Дария Беляева – Марк Антоний (страница 61)
Я быстро понял, что нельзя проявлять к ним жалость. На поле битвы их нужно истреблять либо всех, либо почти всех, так как евреи не успокаиваются никогда, но, в отличие от варваров, они умны и коварны. Я никогда не брал еврейских пленников после одного случая. Однажды, еще в самом начале подавления еврейского восстания, один молоденький мальчишка, которого я, помню, пожалел именно за возраст, прокусил горло еще одному мальчишке по имени Луций (какой дурной знак), который был не старше, и разве не его я должен был пожалеть в первую очередь?
А этот молоденький еврейчик, его сразу же пронзили мечом, смотрел, как Луций отчаянно зажимает рану на шее, и кровь из его груди, поднимавшая вверх, в рот, мешалась с кровью Луция на его губах.

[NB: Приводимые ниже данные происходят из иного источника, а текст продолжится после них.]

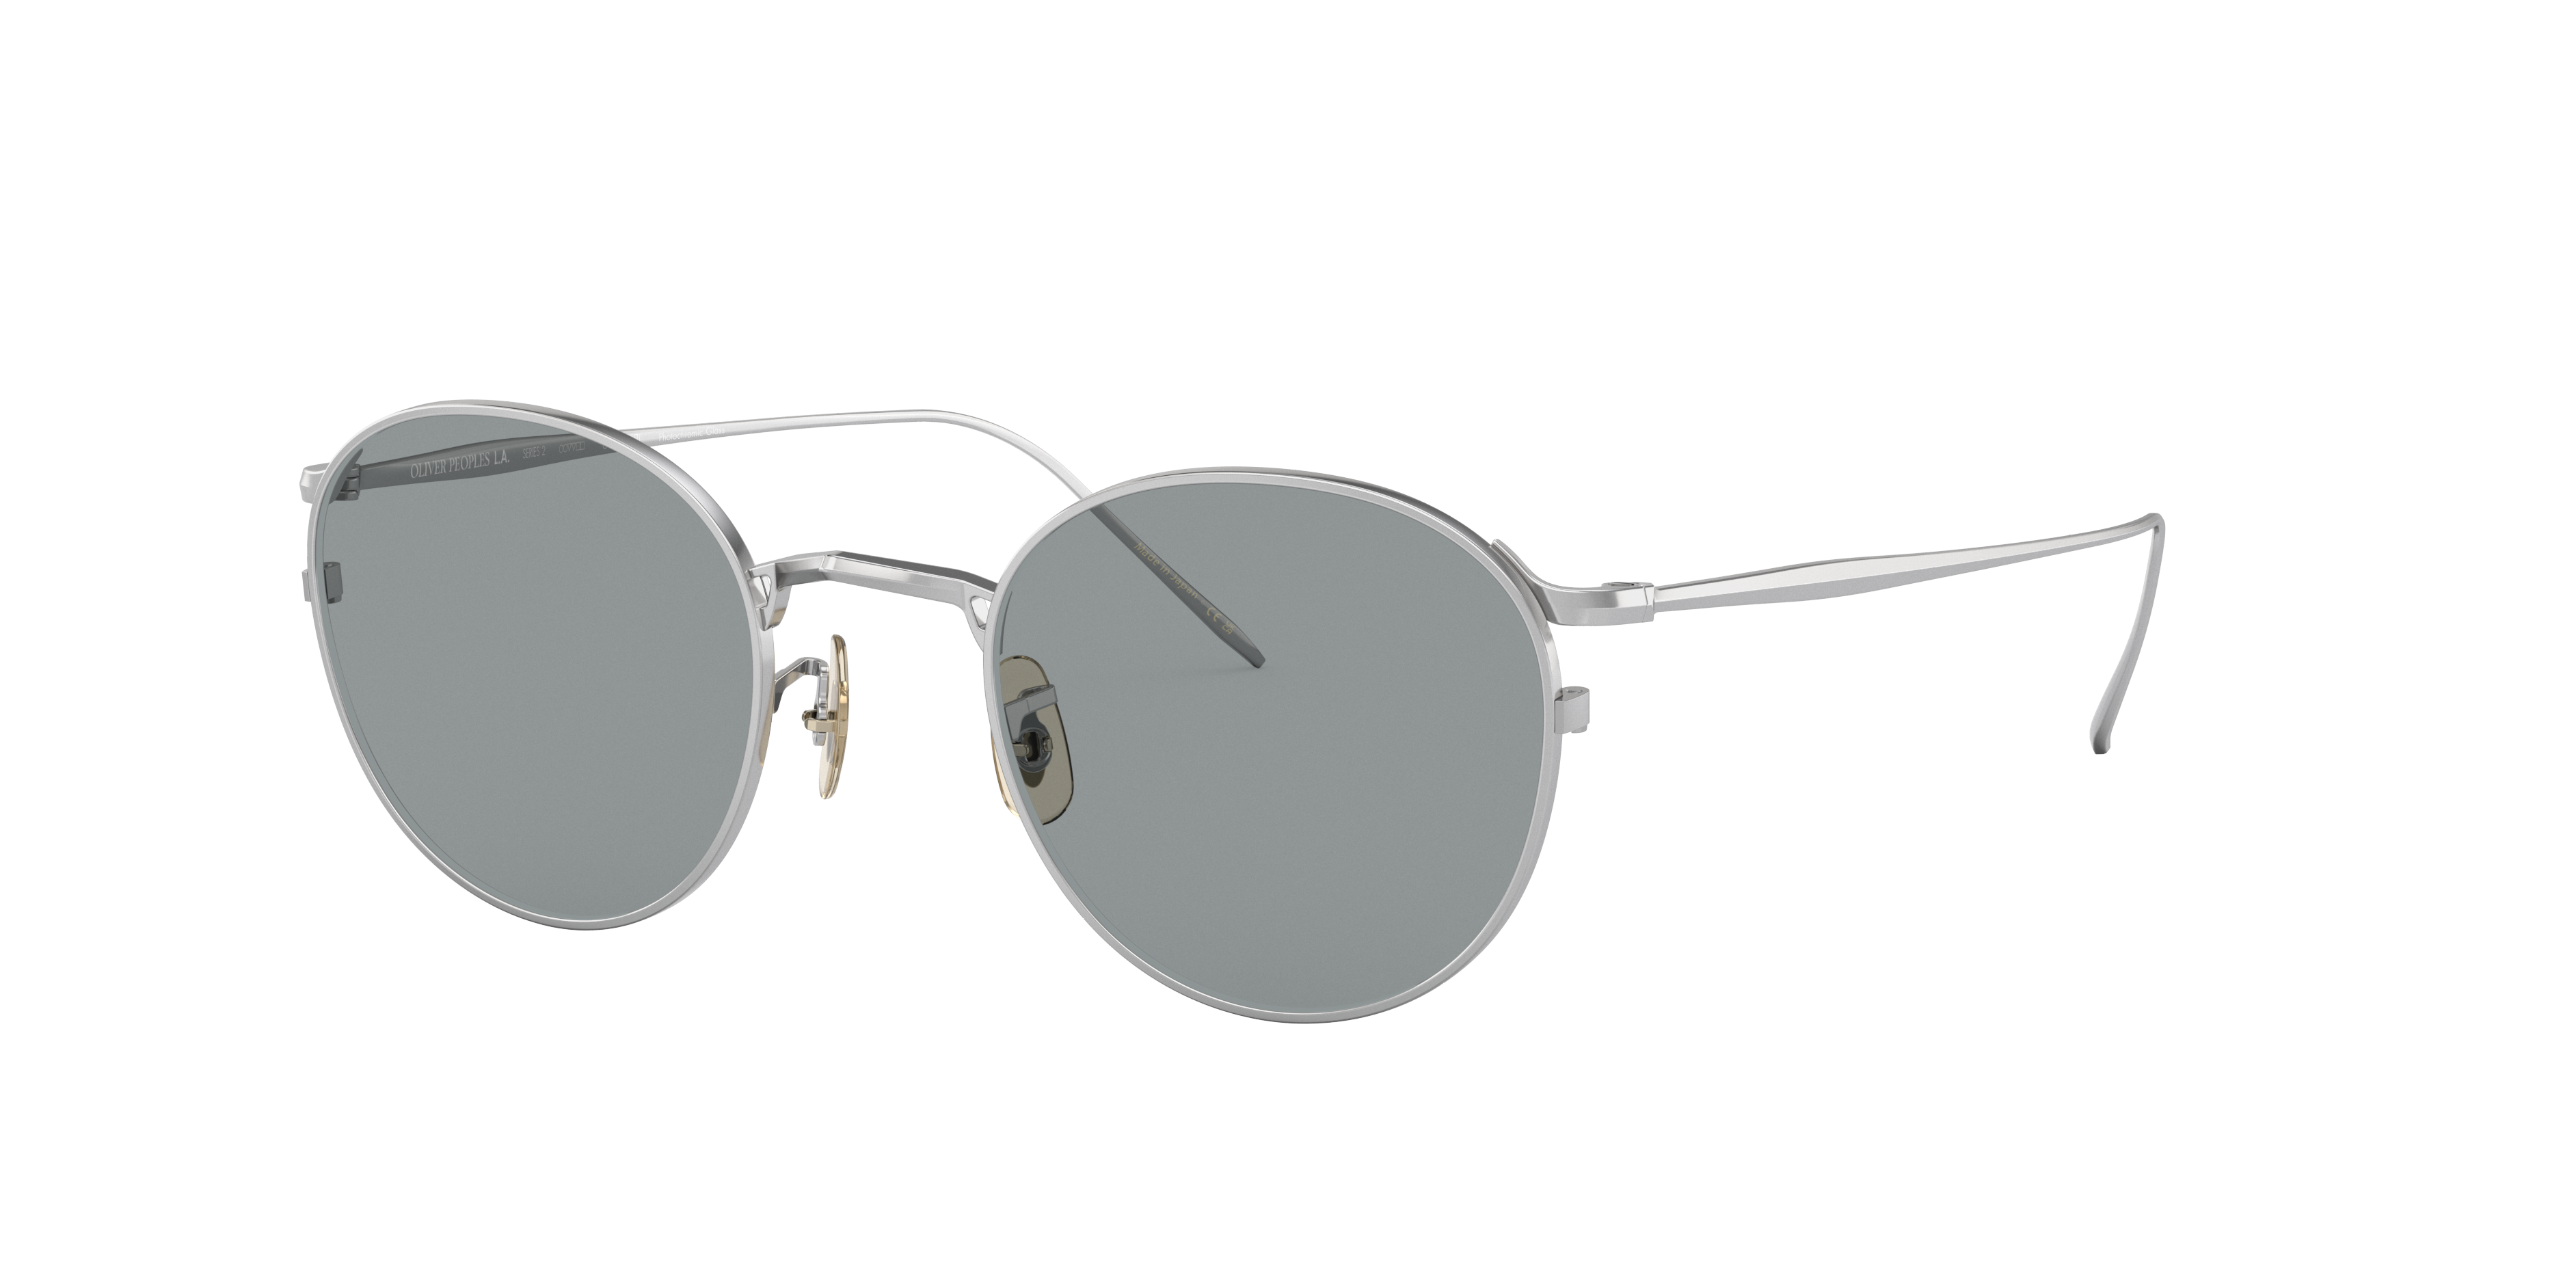 Oliver G.Ponti-4 Sunglasses in Silver | Oliver®

А я не думал, что человек на такое способен — выгрызть из другого кусок, порвать артерию. Перед смертью мальчишка тоже шептал свою молитву, а Луций умер молча, очень удивленный таким поворотом.
Я не мог есть и спать, и после этого я никогда их не щадил.
Мне свойственна жалость, но убивать не тяжело, потому что убивая — не думаешь, в голове затемняется.
Свой первый настоящий подвиг я совершил, когда мы брали Александрион, самую важную крепость мятежников и самую труднодостижимую. Обидно, но я почти ничего не помню. Помню, не боялся, нет, не боялся смерти. Помню, что думал: я избранный, всех избраннее и веселее, и, если кто и будет первым, то я. Помню, хотел подбодрить моих ребят. Обесценивается ли геройский поступок, если ты не веришь, что умрешь? Если не боишься и не преодолеваешь себя.
Помню, мне все давалось легко, даже слишком, и, когда я оказался на стене их хасмонейской крепости, то удивился, что я первый, что я еще один. Помню ту секунду, когда балансировал, и мог упасть, и смотрел на огромное солнце и темные изгибы гор. Солнце било мне в лицо, я был ослеплен, рукоятка меча стала влажной от крови и скользила. Секунда триумфа, скольжения без страха смерти, и вот я уже подаюсь вперед, и бой продолжается.
После боя Габиний вызвал меня к себе. Он сказал:
— Я видел, Антоний.
— И что ты думаешь? — спросил я. — Я почти ничего не помню.
— Что, может быть, и не врут о родстве Антониев с Геркулесом.
— А еще что? — спросил я рассеянно.
— А еще я тебя награжу, — сказал Габиний, и его длинные, масляные глаза сузились, когда он улыбнулся.
— А еще что? — спросил я, не совсем придя в себя.
— А еще — ты на своем месте, — сказал Габиний. — Вот так.
Я был на своем месте, а это, может, лучшее чувство на свете.
На торжественном построении Габиний надел мне на голову муральную корону, символ моего места в этом мире.
Как ты помнишь, вся кампания против Аристобула, еврейского царька и его непокорных евреев, была для меня крайне успешна — мой гений благоволил мне, и я понял, зачем нужен на свете этот великолепный, диковинный Марк Антоний.
Ну, будь здоров теперь, и счастлив, что ты не жив, потому как умер бы уже от скуки, слушая мои сентиментальные речи.
Твой брат, Марк Антоний, которому здесь, в Александрии, так скучно, что есть и время предаться воспоминаниям, и время попытаться решительно все забыть. Жизнь кажется такой короткой.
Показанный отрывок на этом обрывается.